Would you filter these records and copy every line that has the word "resistor"?

(Collected data)
══════════
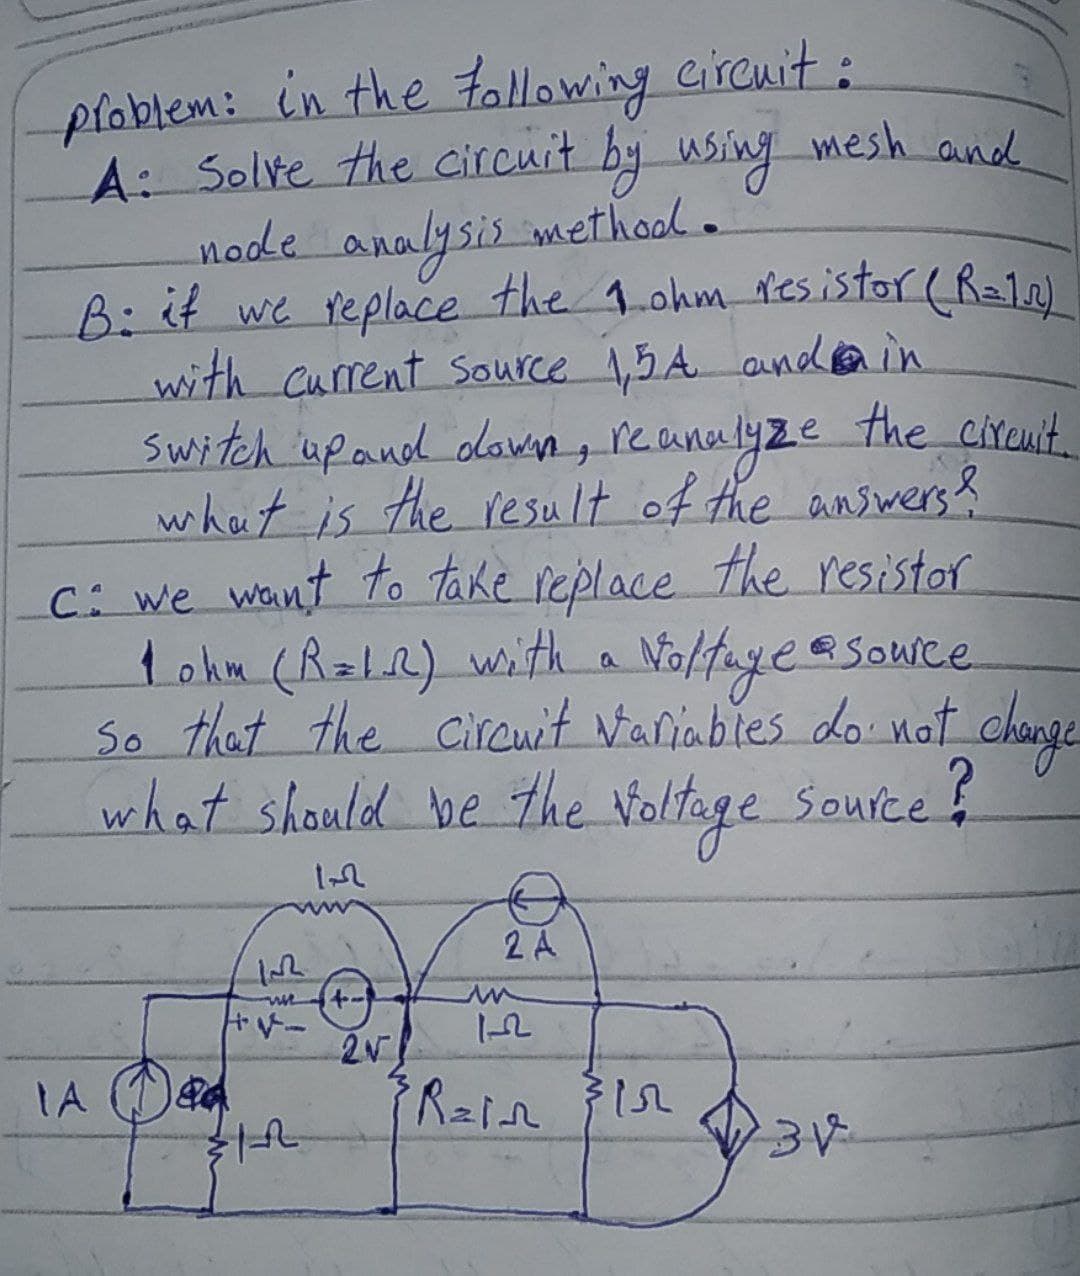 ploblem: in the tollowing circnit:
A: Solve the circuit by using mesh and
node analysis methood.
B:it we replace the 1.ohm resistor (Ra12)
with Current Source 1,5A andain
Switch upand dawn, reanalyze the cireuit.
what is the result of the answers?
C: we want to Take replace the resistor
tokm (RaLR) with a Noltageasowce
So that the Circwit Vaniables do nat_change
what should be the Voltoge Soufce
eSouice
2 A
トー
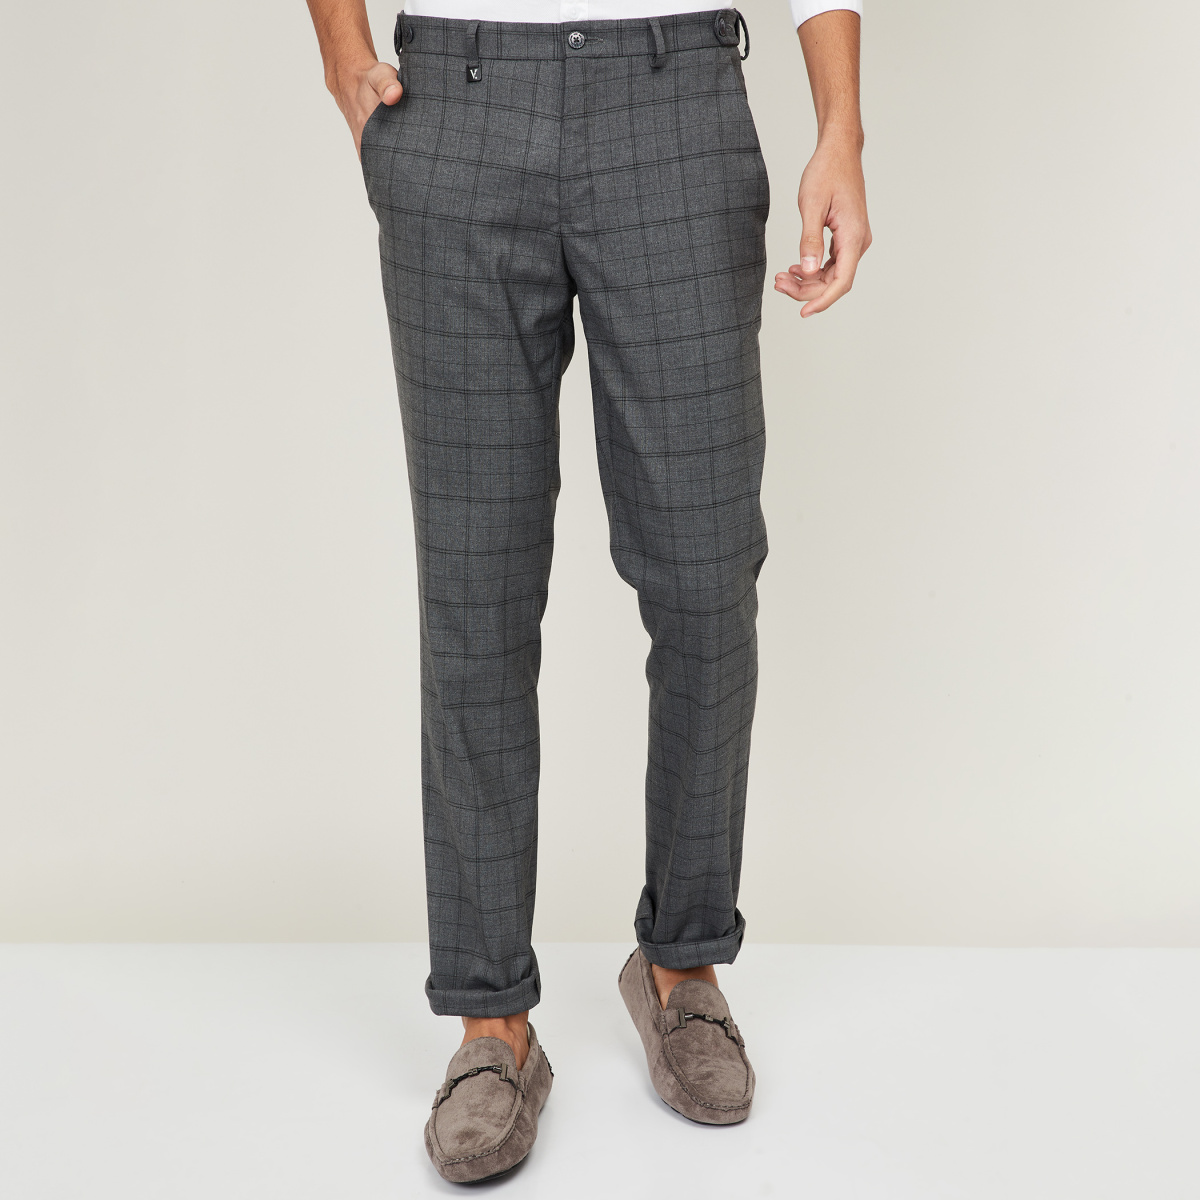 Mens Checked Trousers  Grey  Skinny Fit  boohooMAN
══════════
• [Exercise result]
B:it we replace the 1.ohm resistor (Ra12)
C: we want to Take replace the resistor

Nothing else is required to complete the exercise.